Dark/Light Mode

Hasil Rekapitulasi KPU
Pemilu Presiden 2024
Anies & Muhaimin
24,9%
40.971.906 suara
24,9%
40.971.906 suara
Anies & Muhaimin
Prabowo & Gibran
58,6%
96.214.691 suara
58,6%
96.214.691 suara
Prabowo & Gibran
Ganjar & Mahfud
16,5%
27.040.878 suara
16,5%
27.040.878 suara
Ganjar & Mahfud
Sumber: KPU

Usul Jumlah Massa Demo dibatasi 50 Orang

Tito Dipuji Juga Di-bully

Minggu, 20 Desember 2020 07:59 WIB
Mendagri Tito Karnavian memberikan salam sebelum mengikuti rapat kerja dengan Komisi II DPR di Kompleks Parlemen, Senayan, Jakarta. (ANTARA FOTO/Akbar Nugroho Gumay)
Mendagri Tito Karnavian memberikan salam sebelum mengikuti rapat kerja dengan Komisi II DPR di Kompleks Parlemen, Senayan, Jakarta. (ANTARA FOTO/Akbar Nugroho Gumay)

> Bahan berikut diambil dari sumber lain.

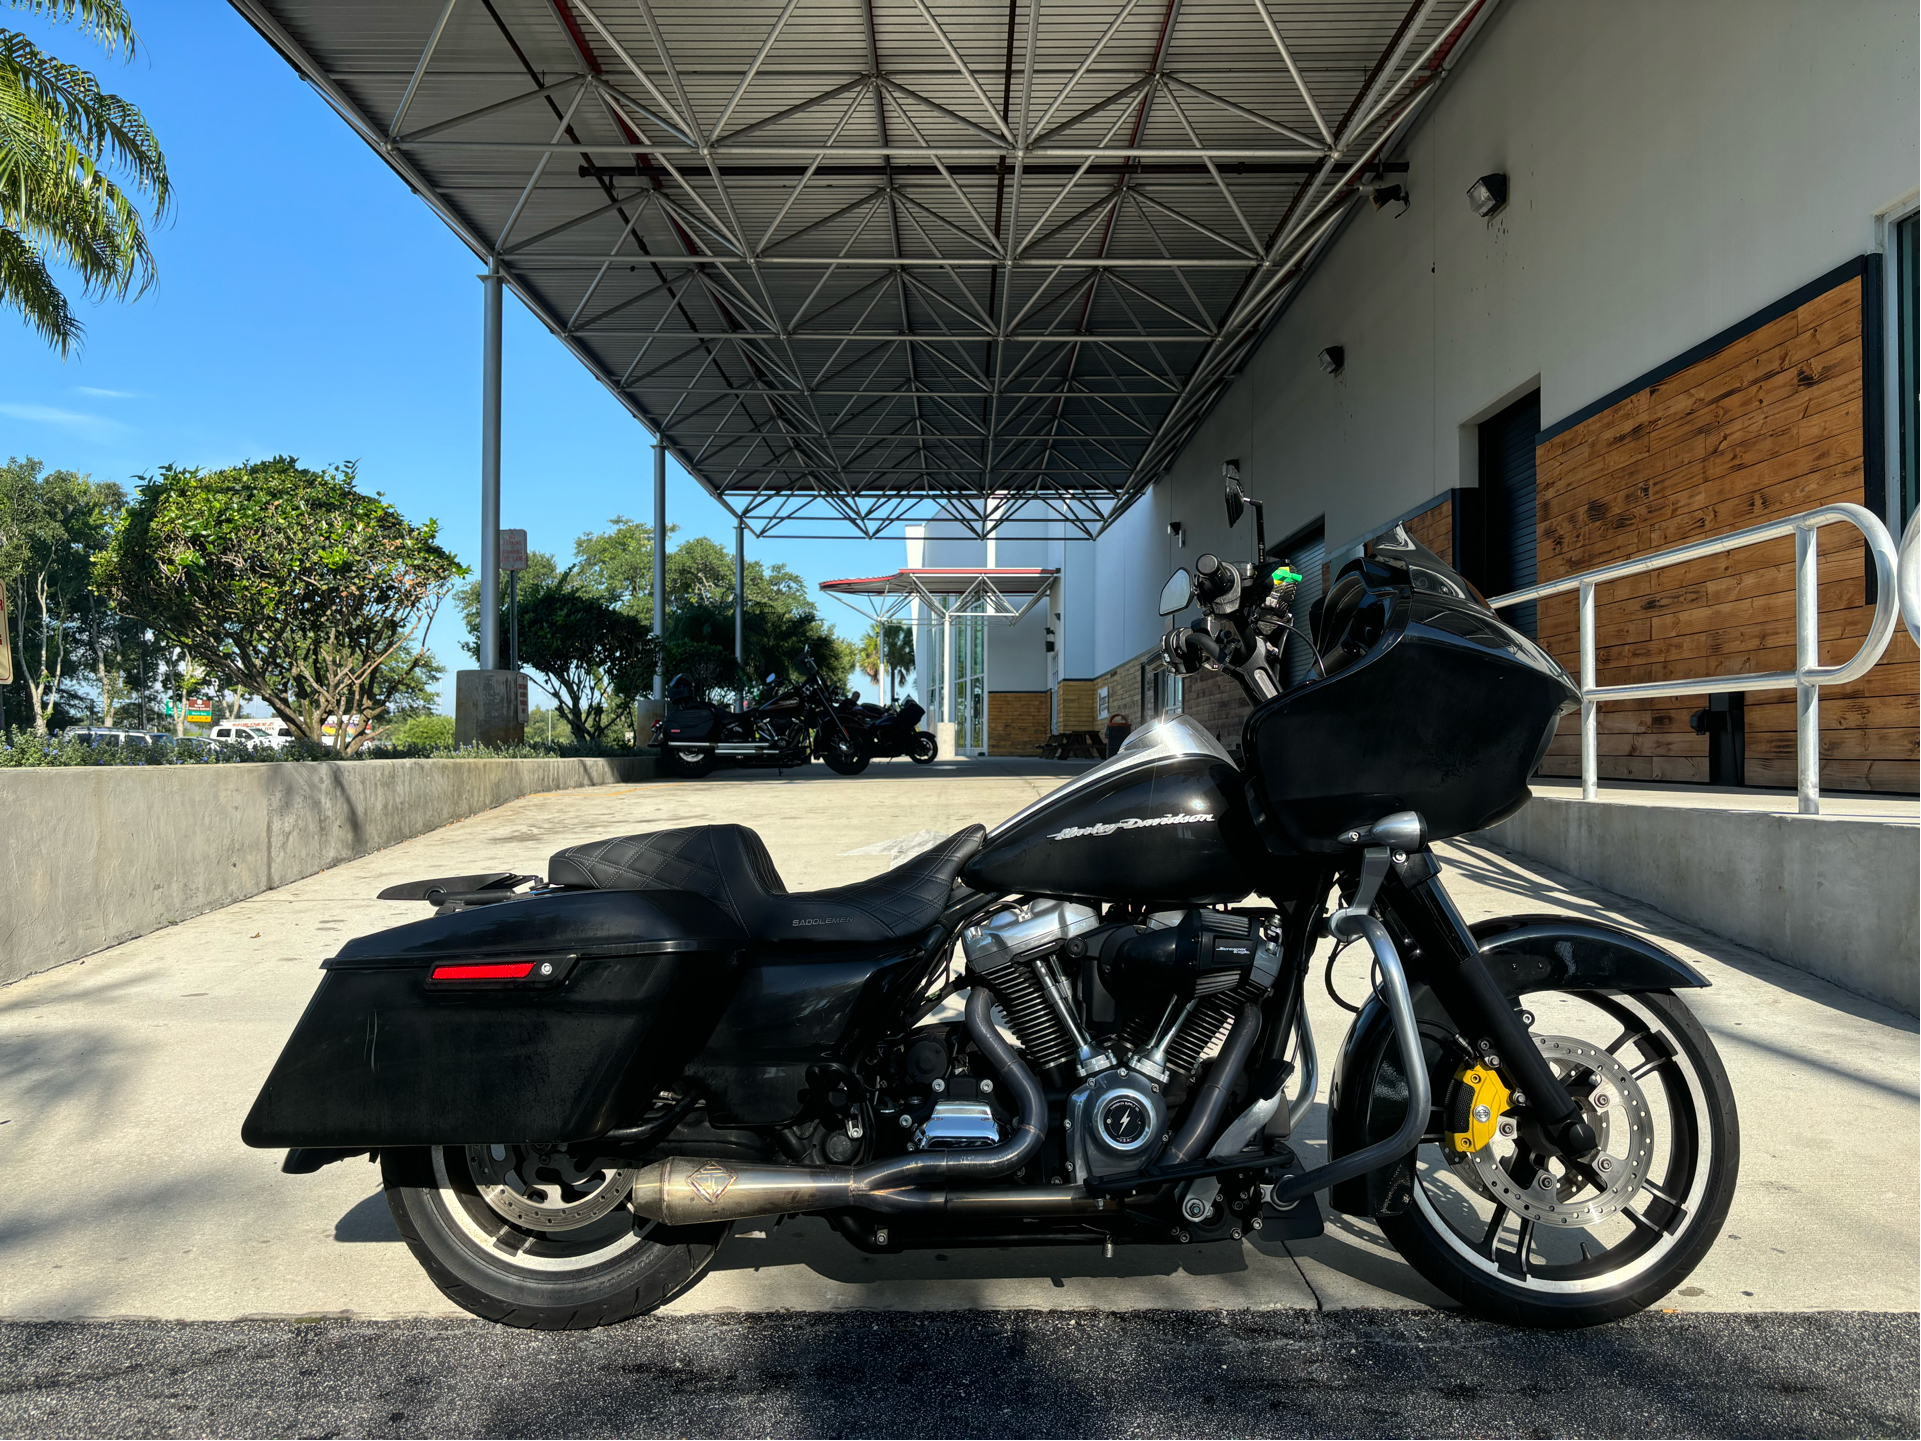 2017 Harley-Davidson Road Glide® Special in Sanford, Florida - Photo 1

RM.id  Rakyat Merdeka - Menteri Dalam Negeri, Jenderal Pol (Purn) Tito Karnavian ikut berkomentar soal pembubaran demo 1812, Jumat (18/12). Agar kasus serupa tidak terulang, Tito usul, jumlah massa demo dibatasi hanya 50 orang. Atas usul ini, Tito dipuji, juga di-bully.

Aksi unjuk rasa di saat negara masih belum bebas dari pandemi Corona memang bikin serba salah. Kalau dibolehkan, demo berkerumun berpotensi menjadi klaster penyebaran Corona. Tapi kalau dilarang, pemerintah dianggap mengekang kebebasan berpendapat.

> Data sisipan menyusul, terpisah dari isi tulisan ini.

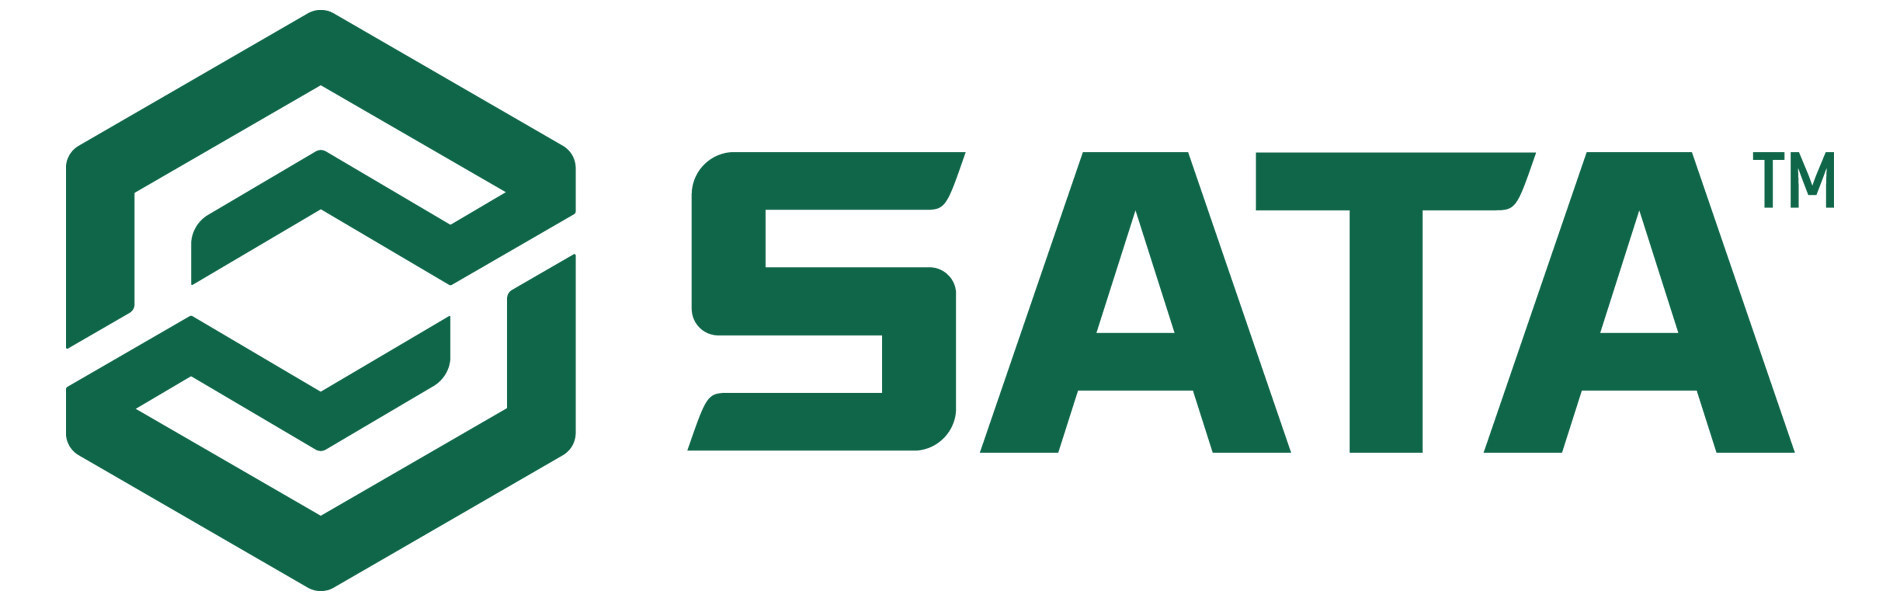 SATA_Tools_Logo.jpg?p=publish

Hal ini yang terjadi saat demo yang dilakukan Front Pembela Islam (FPI), Jumat (18/12), di Istana Merdeka. Aksi memprotes penahanan pimpinan FPI Rizieq Shihab itu, dibubarkan oleh personel kepolisian.

Menyikapi kejadian itu, Tito mengambil jalan tengah. Mantan Kapolri ini mengusulkan, massa yang dibolehkan melakukan unjuk rasa dibatasi 50 orang saja. Agar tidak terjadi kerumunan seperti aksi unjuk rasa yang pernah terjadi.

“Sama seperti kita membatasi (jumlah orang) di pemilihan kepala daerah, kemarin,” cetusnya saat menjadi pembicara dalam ajang penghargaan Innovative Government Awards (IGA) 2020 di Jakarta, Jumat, (18/12).

Baca juga : Guru Besar UI: Deklarasi Papua Merdeka Tak Diakui Negara Lain

Tito khawatir, penularan Covid-19 semakin menjadi-jadi (superspreader) bila kerumunan yang tercipta akibat aksi unjuk rasa tidak dibatasi. Dengan begitu, penyampaian pendapat tetap bisa dilaksanakan dengan mematuhi protokol kesehatan (prokes).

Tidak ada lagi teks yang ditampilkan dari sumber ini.